● **Task statement**:
Down to the last line below, write out every line exactly, starting with the one that contains "Contemporary Rug &" and leaving out the pictures.

● **Dataset excerpt**:
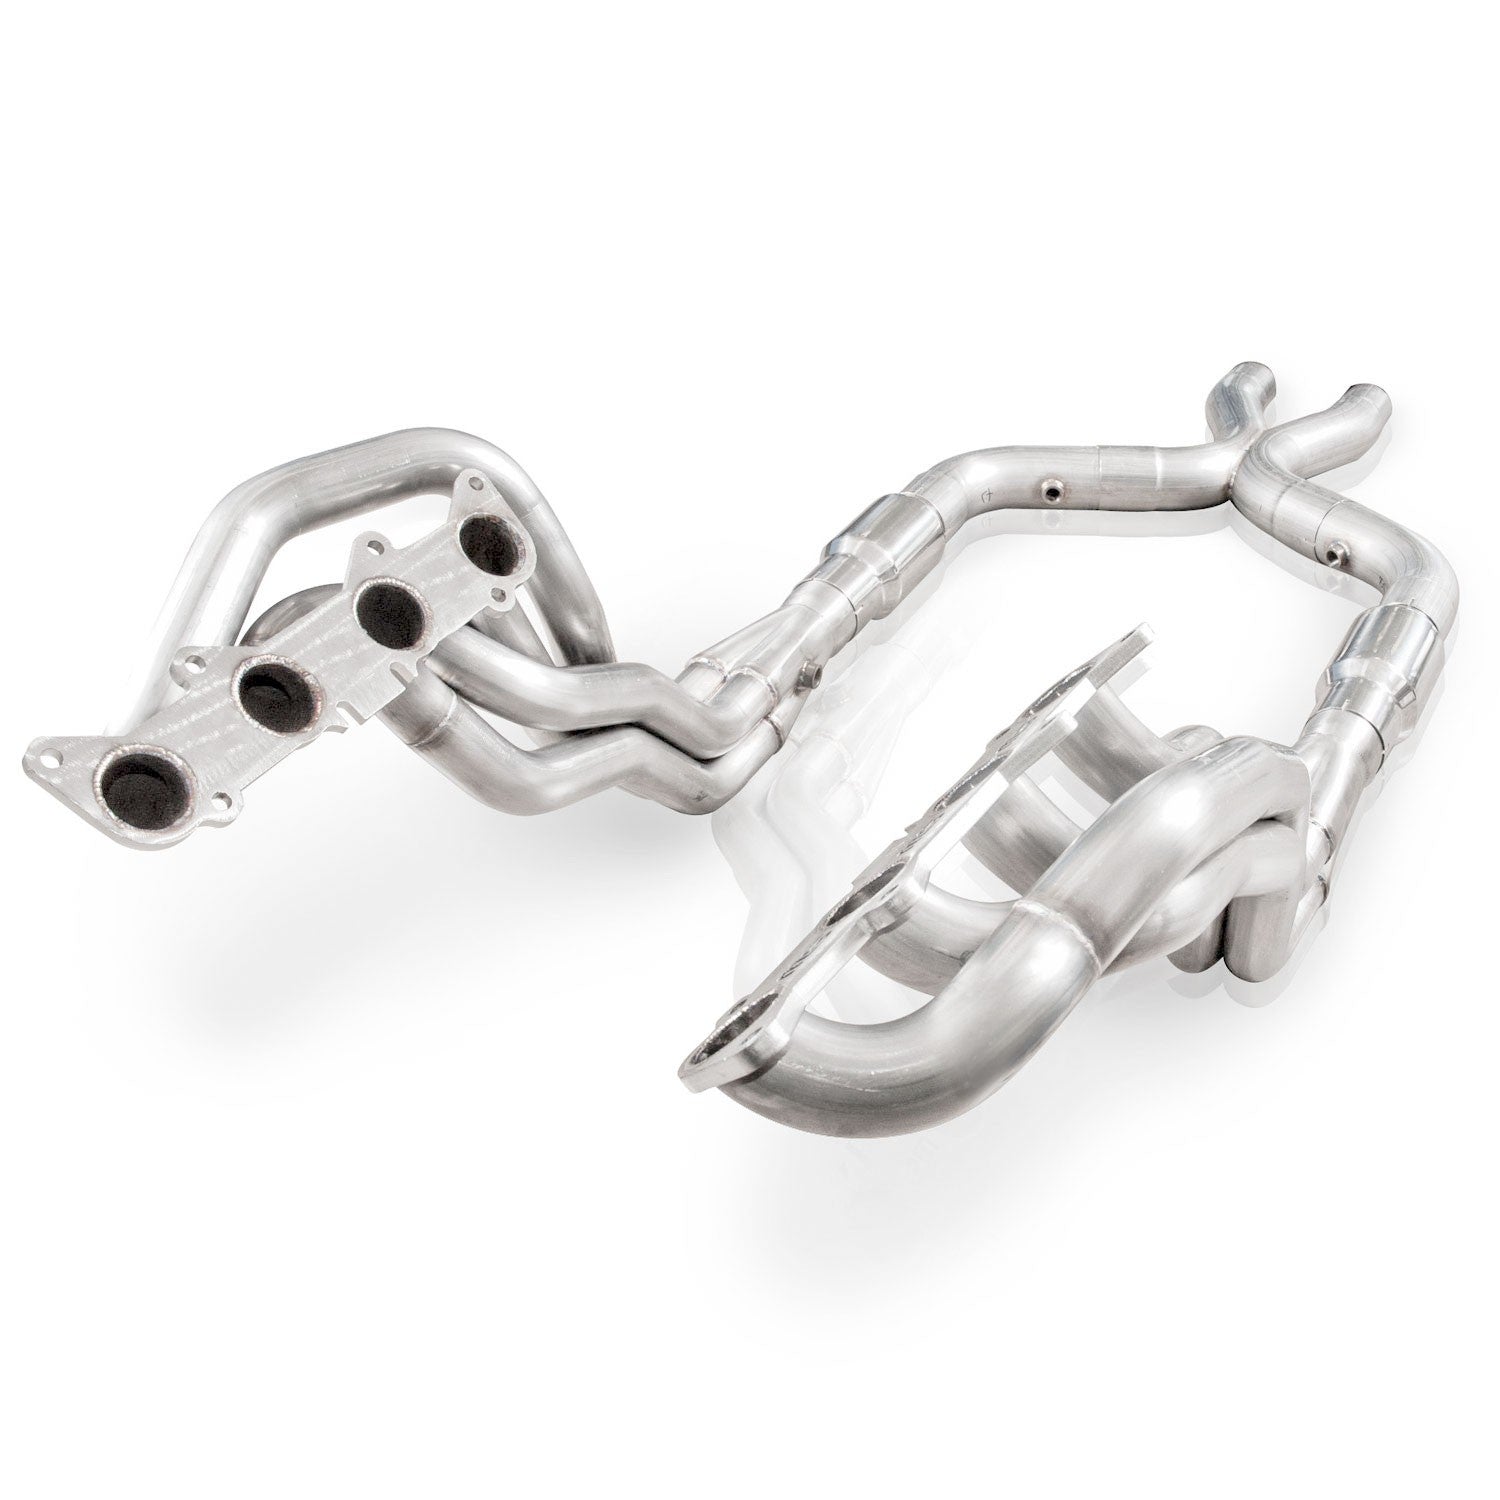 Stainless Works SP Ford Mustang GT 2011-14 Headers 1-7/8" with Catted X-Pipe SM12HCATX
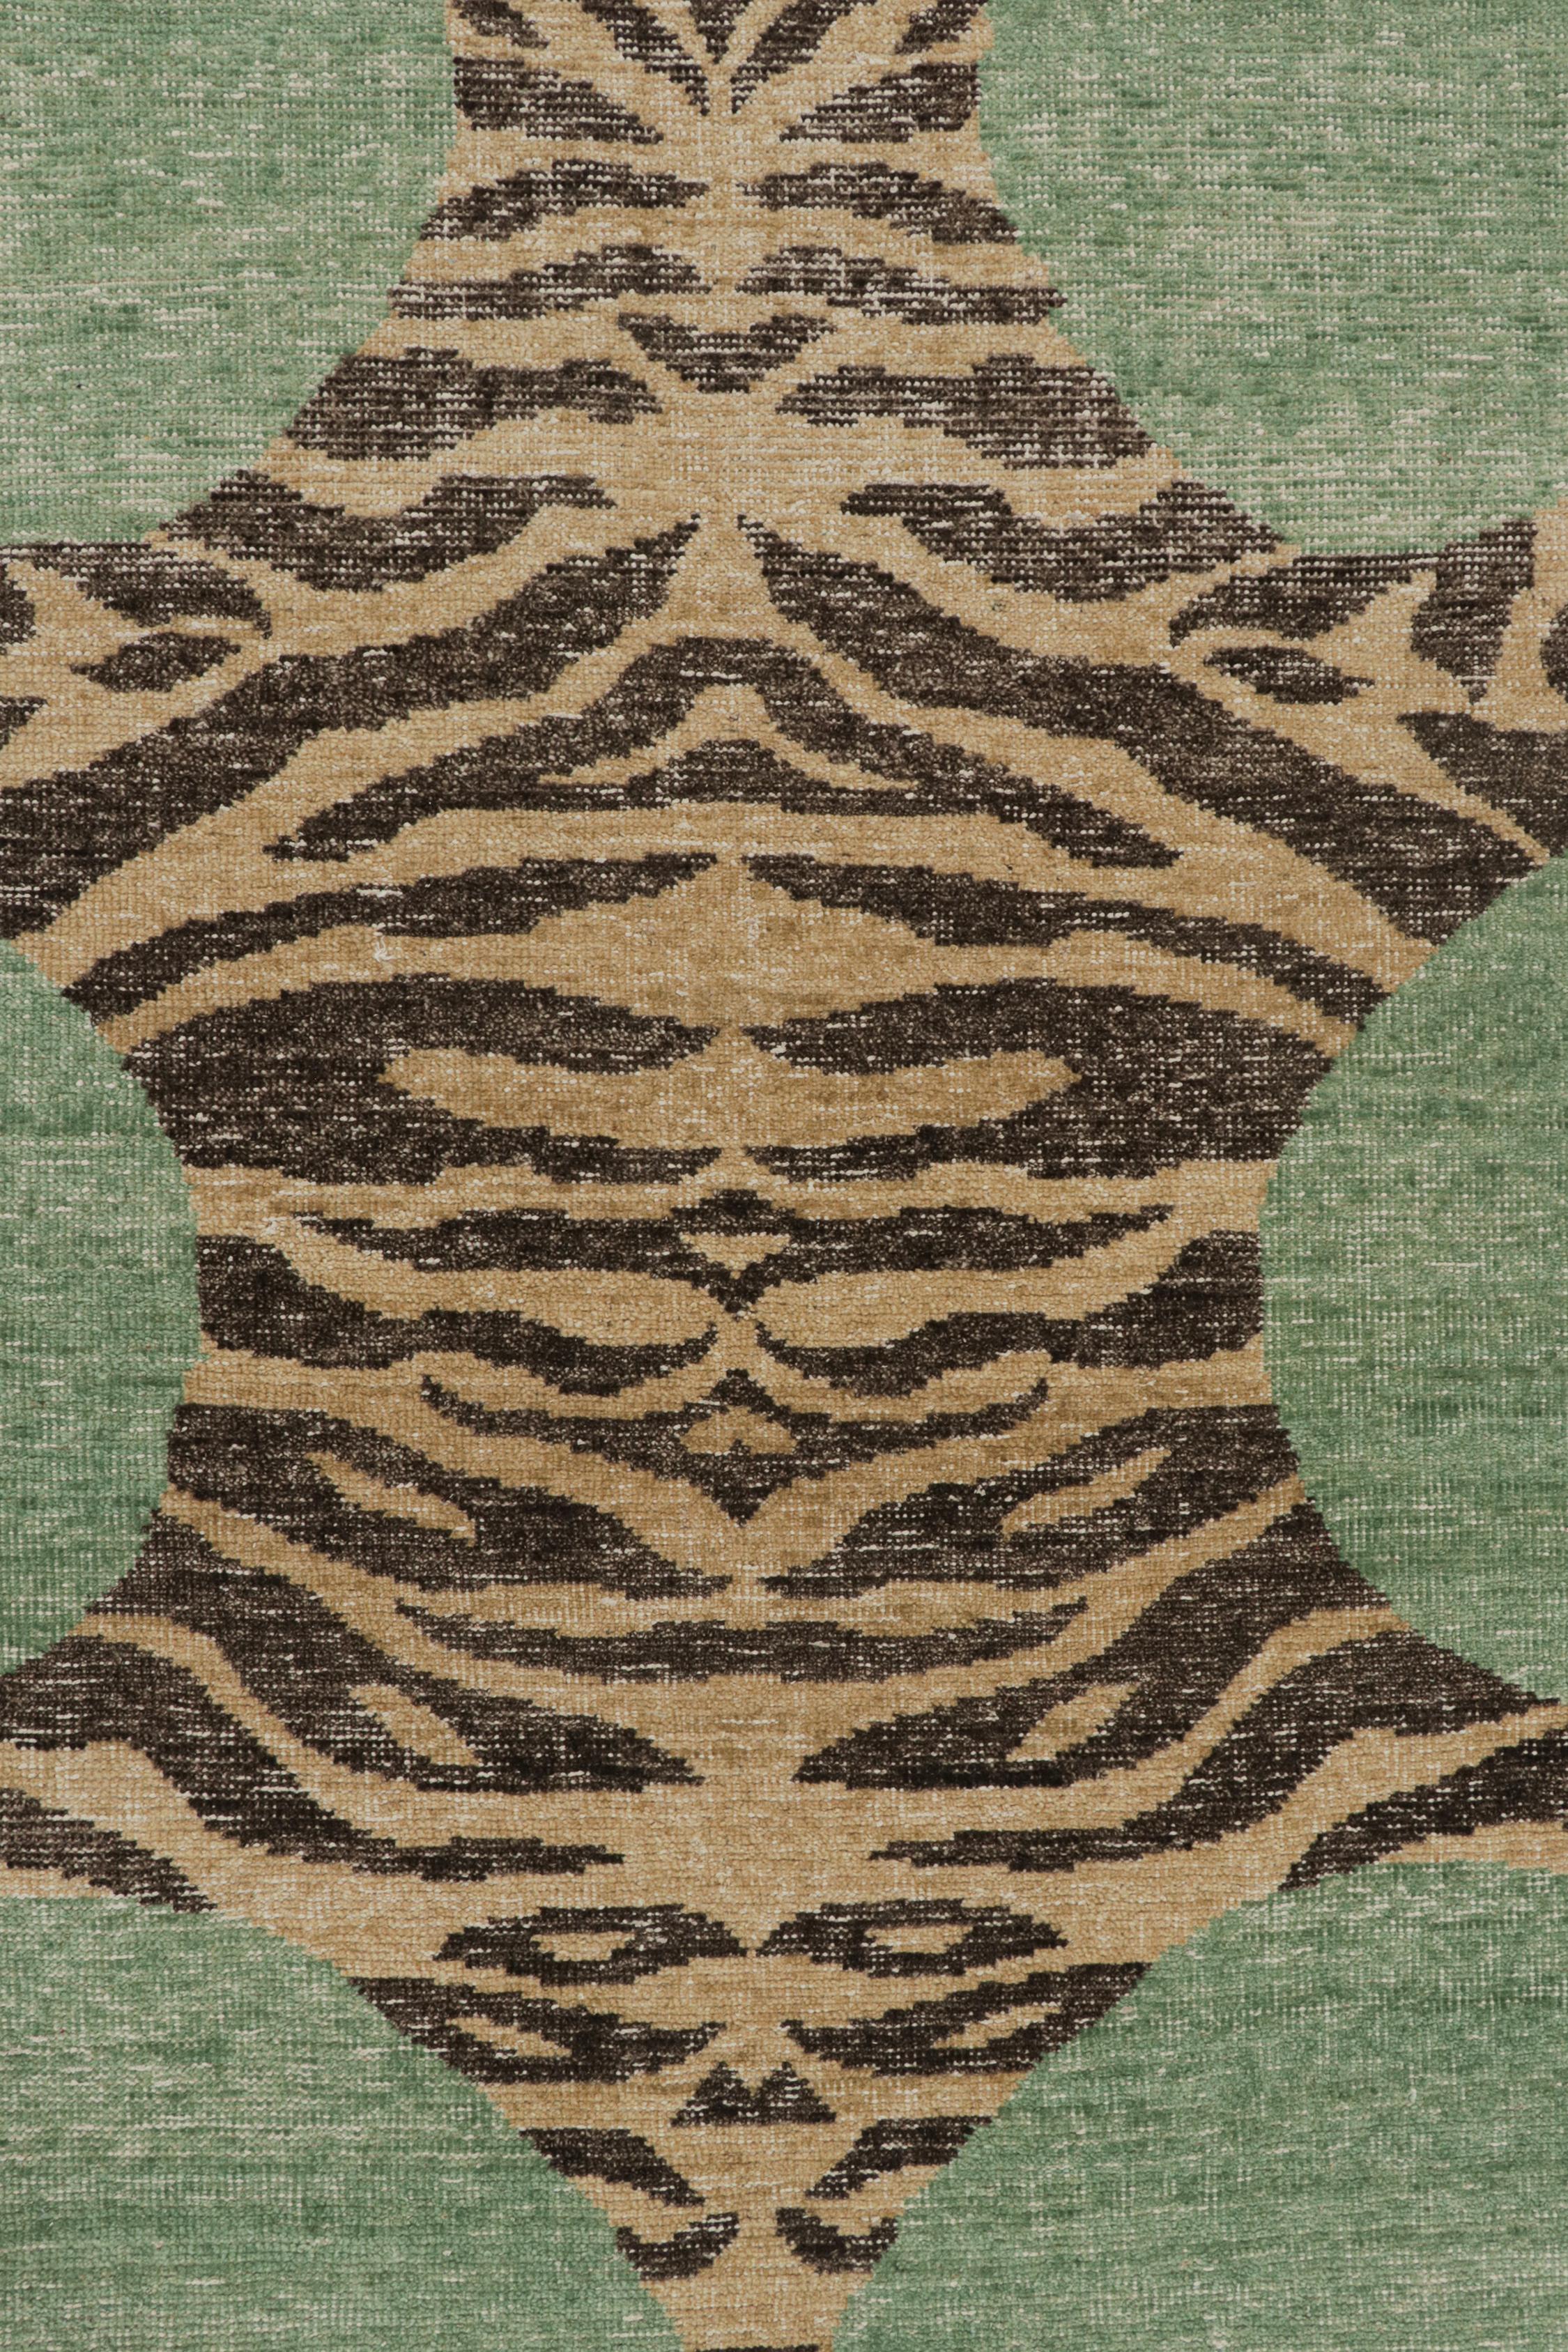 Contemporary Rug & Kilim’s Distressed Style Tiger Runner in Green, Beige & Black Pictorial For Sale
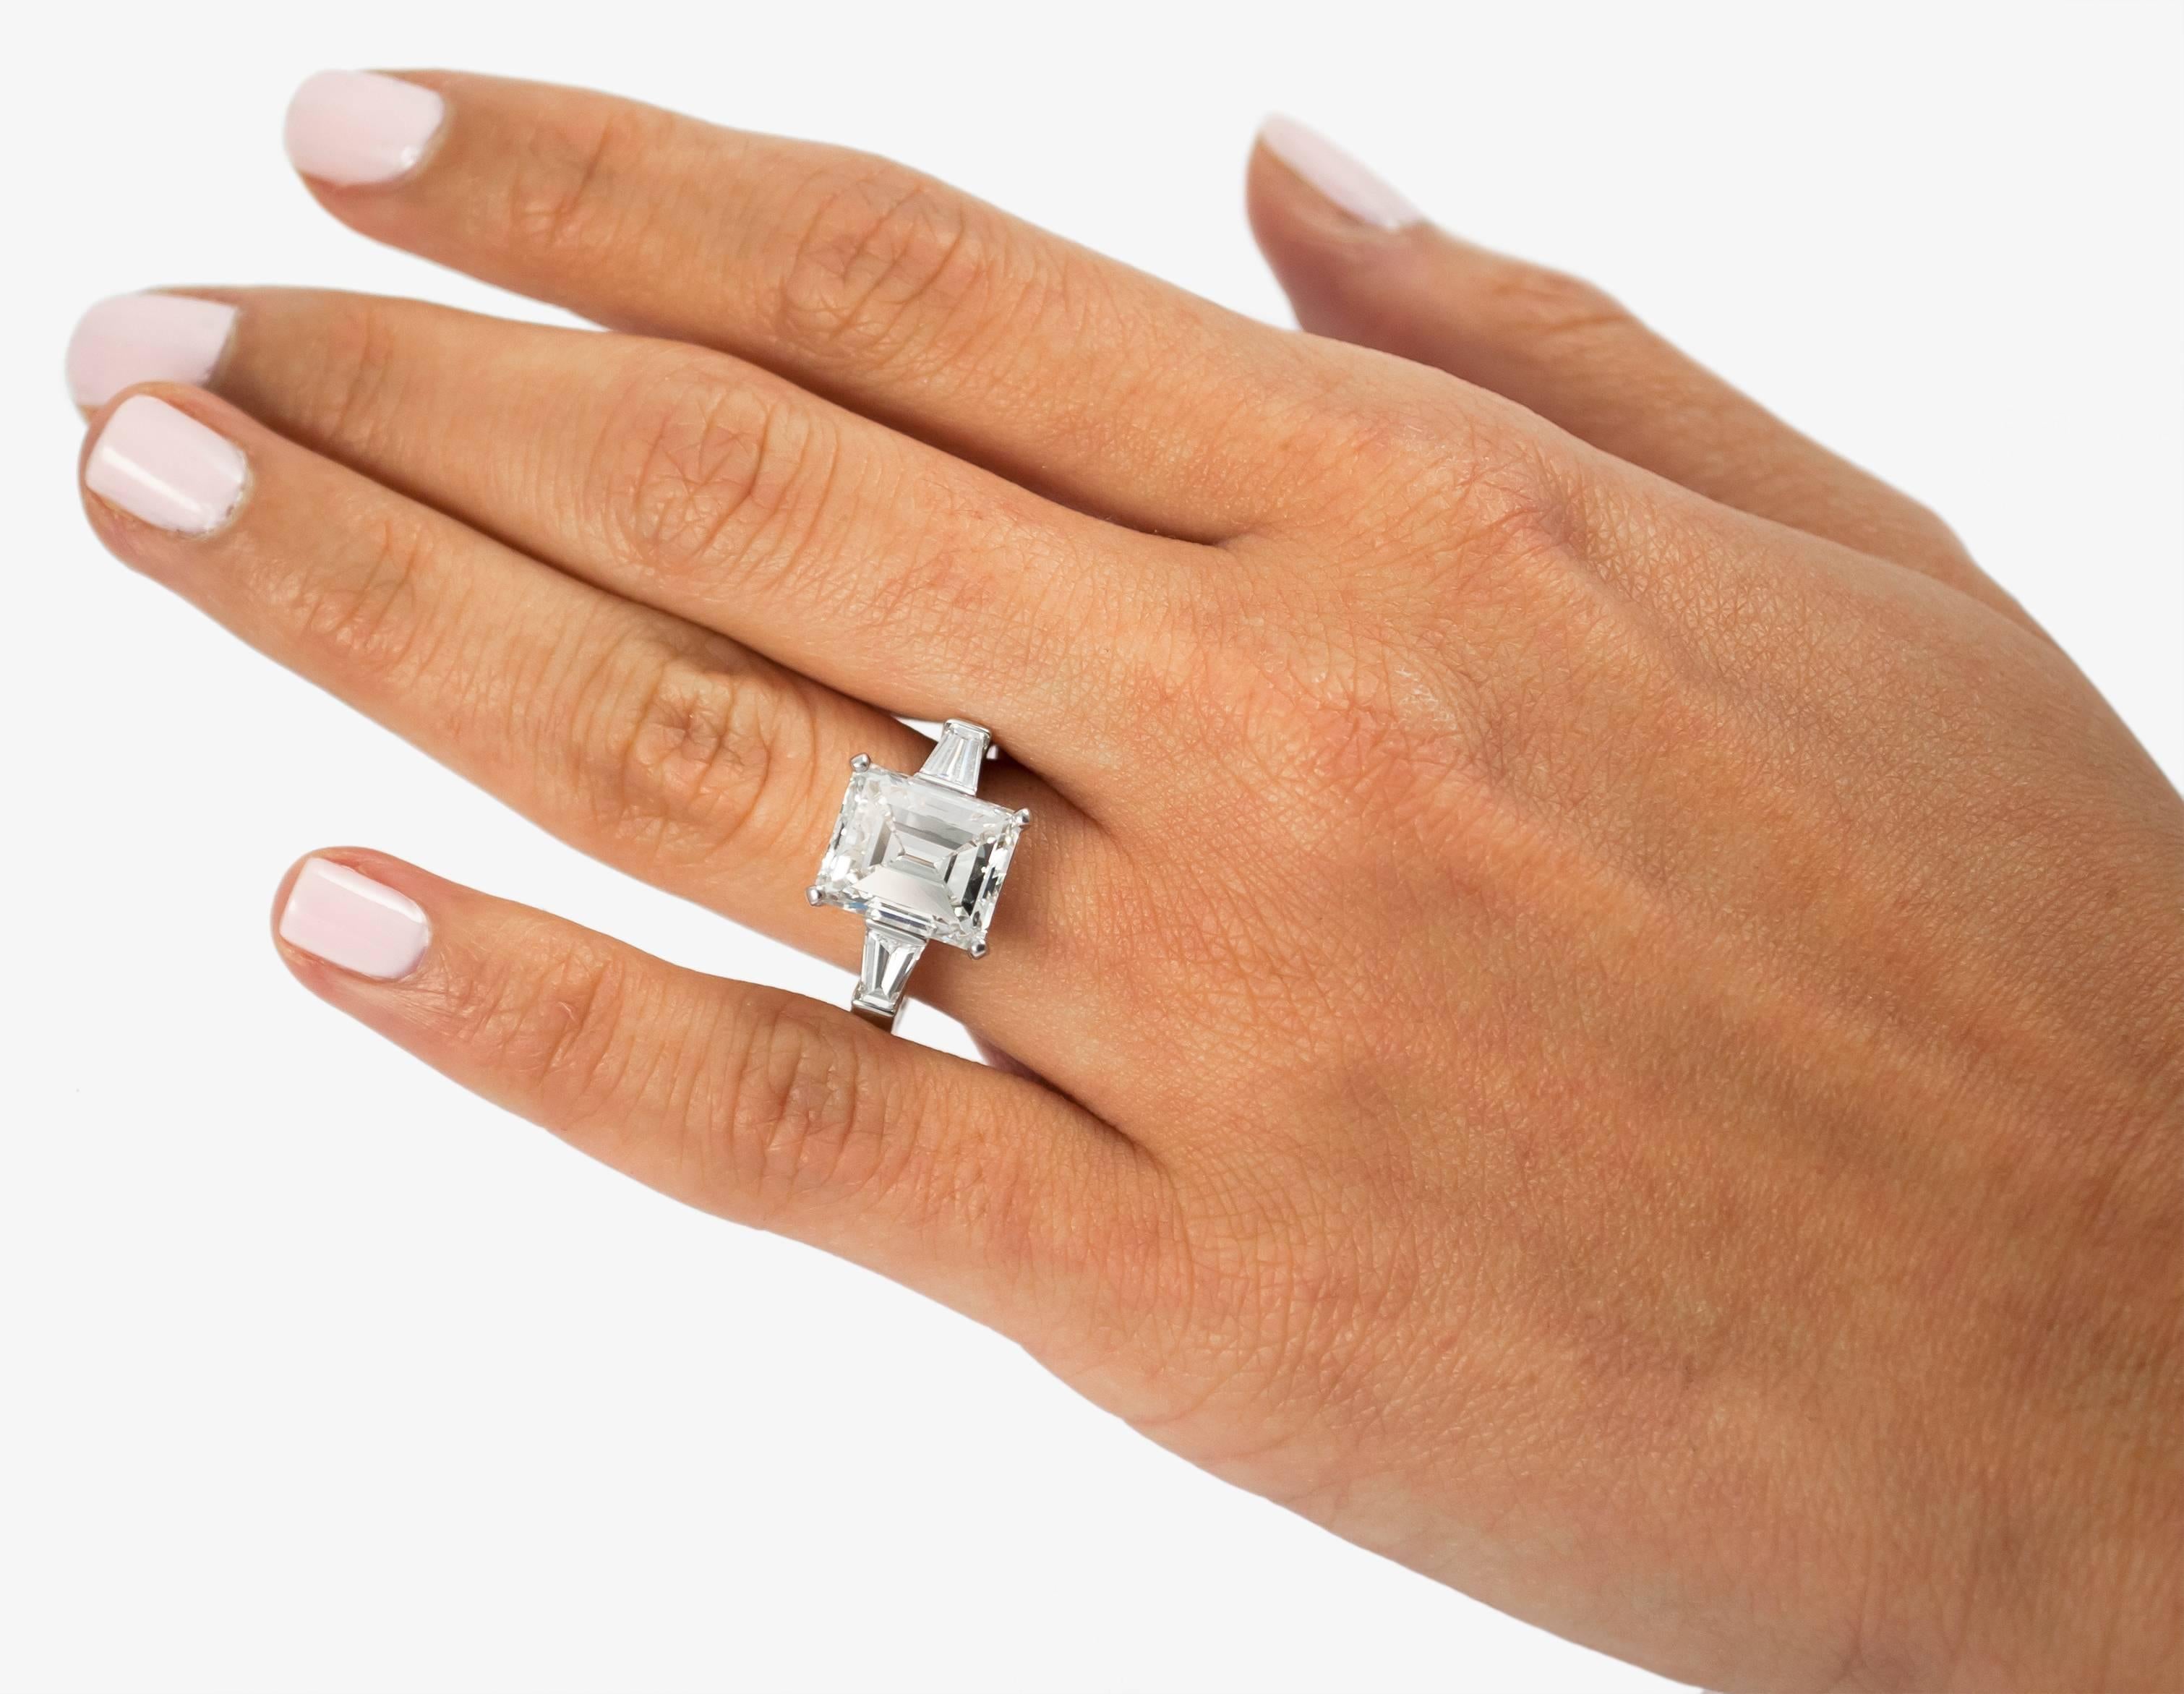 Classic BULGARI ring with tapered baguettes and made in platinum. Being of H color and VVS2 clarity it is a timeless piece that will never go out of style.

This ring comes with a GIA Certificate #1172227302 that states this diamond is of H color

● **Response to this exercise**:
 Contemporary Rug & Kilim’s Distressed Style Tiger Runner in Green, Beige & Black Pictorial For Sale
 Classic BULGARI ring with tapered baguettes and made in platinum. Being of H color and VVS2 clarity it is a timeless piece that will never go out of style.

This ring comes with a GIA Certificate #1172227302 that states this diamond is of H color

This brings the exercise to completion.